As an example of how the EU Commission applies such rules please see the EU Commission decision of April 16th which cleared the Latvian direct grants schemes.

III. Are there any rules in place in relation to maximum price fixing for food products in the context of the crisis?

 No, general rules apply according to which a producer can impose a maximum resale price to its distributors. 

This kind of arrangements is even more of value today because it constrains the distributors' ability to raise prices to the customers' detriment, thus avoiding price gorging.

On the contrary, EU Commission has explicitly stated that it "will not tolerate conduct by undertakings that opportunistically seek to exploit the crisis as a cover for anti-competitive collusion […] by, for example, exploiting customers and consumers (e.g. by charging prices above normal competitive levels) or limiting production to the ultimate prejudice of consumers (e.g. by obstructing attempts to scale up production to face shortages of supply)". 

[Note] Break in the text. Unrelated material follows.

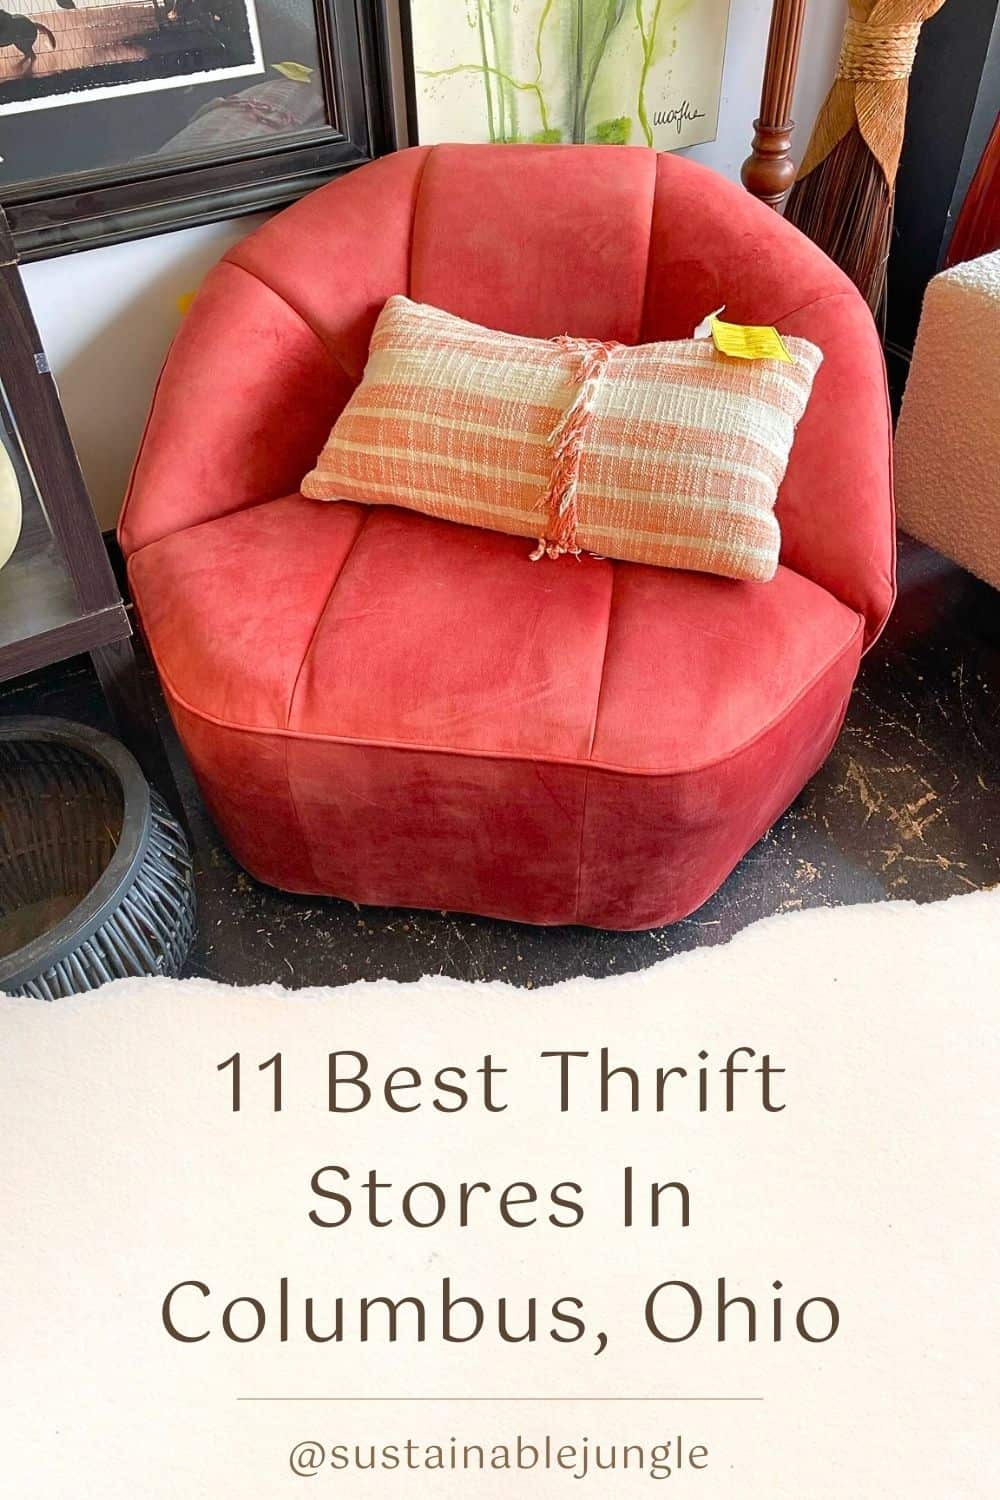 Discovery The 11 Best Thrift Stores In Columbus, Ohio Image by Fresco Furnishings #thriftstorescolumbusohio #bestthriftstoresincolumbus #columbiathriftstores #thriftingcolumbusohio #columbusohiothriftstores #sustainablejungle

Accordingly, clauses imposing minimum resale prices remain unlawful. 

IV. I have established an e-commerce platform and am now also selling directly to consumers, whereas I previously operated as a B2B operator only via distributors. Is there a difference between B2B operations and B2C operations that I should be aware of from a competition law perspective?

Normal antitrust rules apply to distribution through e-commerce platforms. 

Your new activity fundamentally changes the way you interact with your network of distributors as you start to compete with them at the retail level.

Accordingly, your commercial relationship with your distributors has changed from a traditional vertical distribution set up to a horizontal one where you are actively competing with your distributors. 

This is always more delicate from an antitrust perspective and will need more scrutiny to ensure compliance. For starters, you may no longer be covered by the automatic exemption/safe harbour rules contained in the EU Vertical Block Exemption Regulation, which means that you will have to self-assess most if not all of your distribution contracts. 

For example, you will particularly have to review, by way of example, that:

  • exclusive customer groups or territories will not be seen as illegal market sharing;
  • it will be possible to maintain non-compete clauses, and;
  • that exchanges of commercially sensitive or strategic information is curbed in the right way. 

Consequently, you will need to carry out a sanity check of your pre-existing agreements with your current distribution partners to see if there are any arrangements that may not be lawful in your new set-up.

Again, the Temporary Framework for antitrust agreements may facilitate some of the cooperation as explained above but this will be limited to the duration of the COVID-19 outbreak.